With a light-handed touch, a passion that shines through, and fun footnotes that made me chuckle, Lintott’s very human story is a gentle call to action that takes the reader from a childhood star-gazing in a Devonshire garden – and a particular evening during which he very nearly discovered something incredible because of a rather rickety tripod – to the far extremities of the space.
There’s plenty to learn within these pages about the shapes of galaxies, black holes, supernovas and the possibility of intelligent extra-terrestrial life. There’s even a touch of black magic: who knew you could turn lead into gold if only you had the equipment (a particle accelerator made from a 27-kilometre ring of superconducting magnets)?

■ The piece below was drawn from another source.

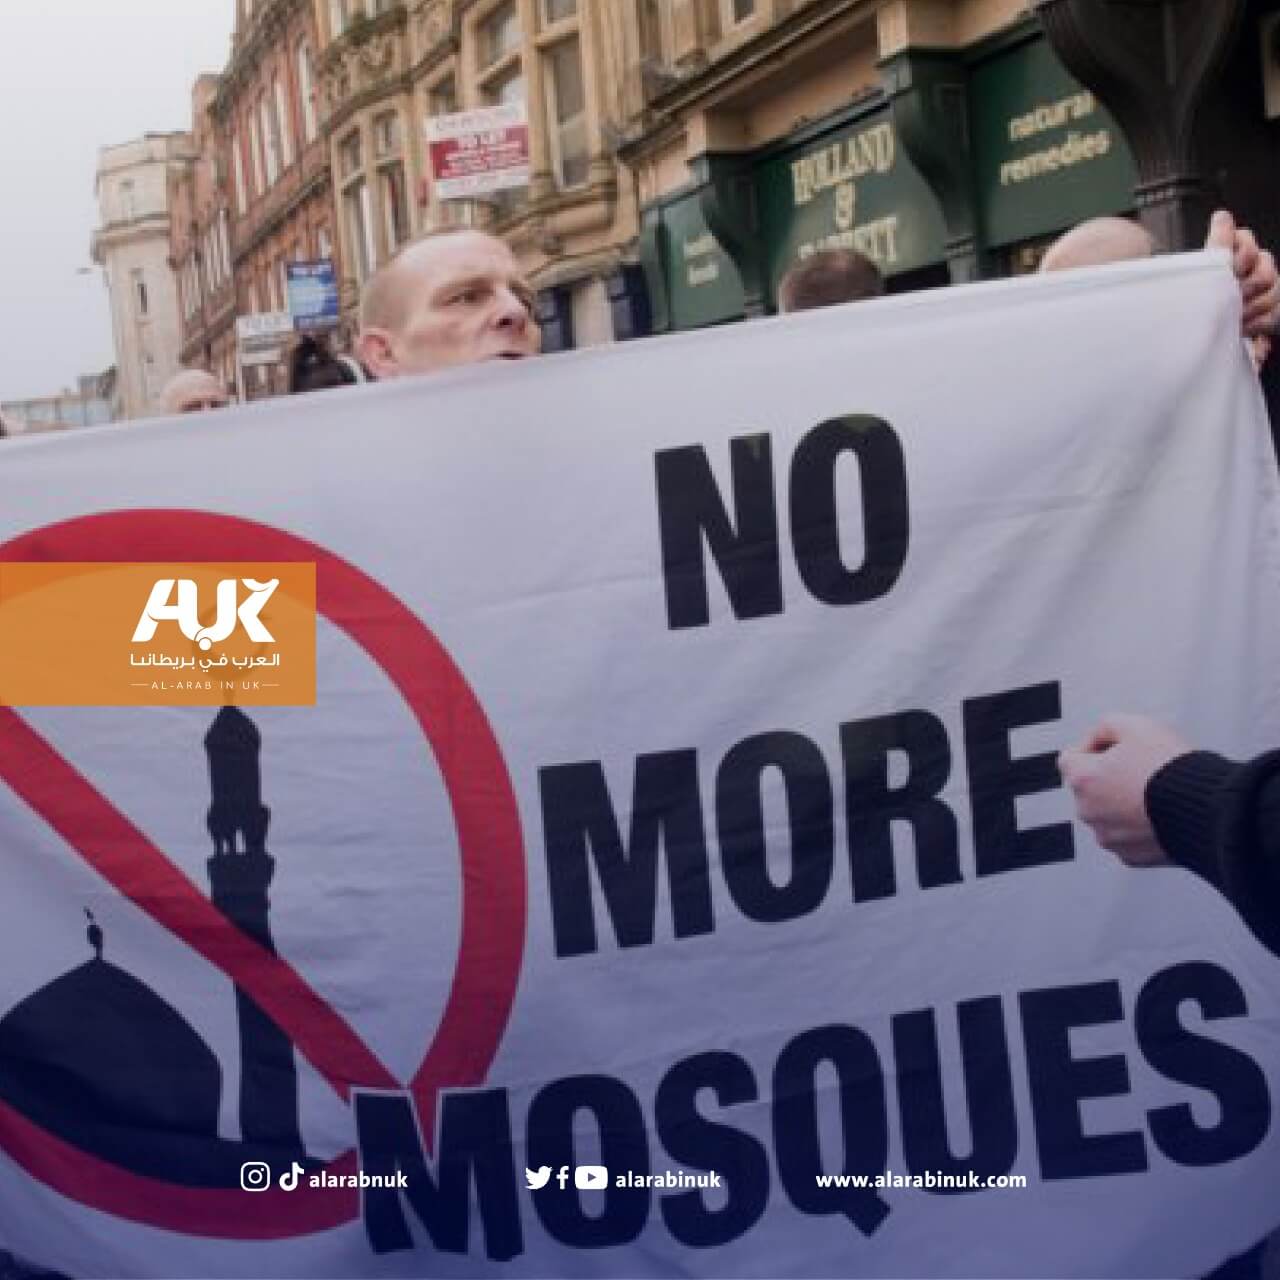 الهجمات العنصرية في بريطانيا طالت ثلث المساجد فيها خلال الأعوام الثلاثة الأخيرة!

This book is, however, much wider than the universe! Interspersed with red and blue galaxies arranged into celestial ‘cities’ or out in ‘the sticks’, serendipitous luminous supernovas and dark energy, a key conundrum in astrophysics today, you’ll find twirling dancers who play tricks on the eyes and fireworks, a Victorian network of naturalists, ships’ diaries from WW1, Welsh ghost slugs and zorillas in the zooniverse.
However, what really caught my imagination is the truly inclusive nature of ‘citizen science’ , and how it is being applied to research in all fields from the secret lives of artists to the world of Shakespeare; and there’s a whole chapter on Lintott’s rich experiences with the penguins in an icy Antarctic in whose conservation the crowd have played their part. And so, while a book about the Cosmos and its gigantic numbers might seem a daunting prospect to the lay man, these pages are an absolute pleasure to crowd-surf. It’s time to take to the waves.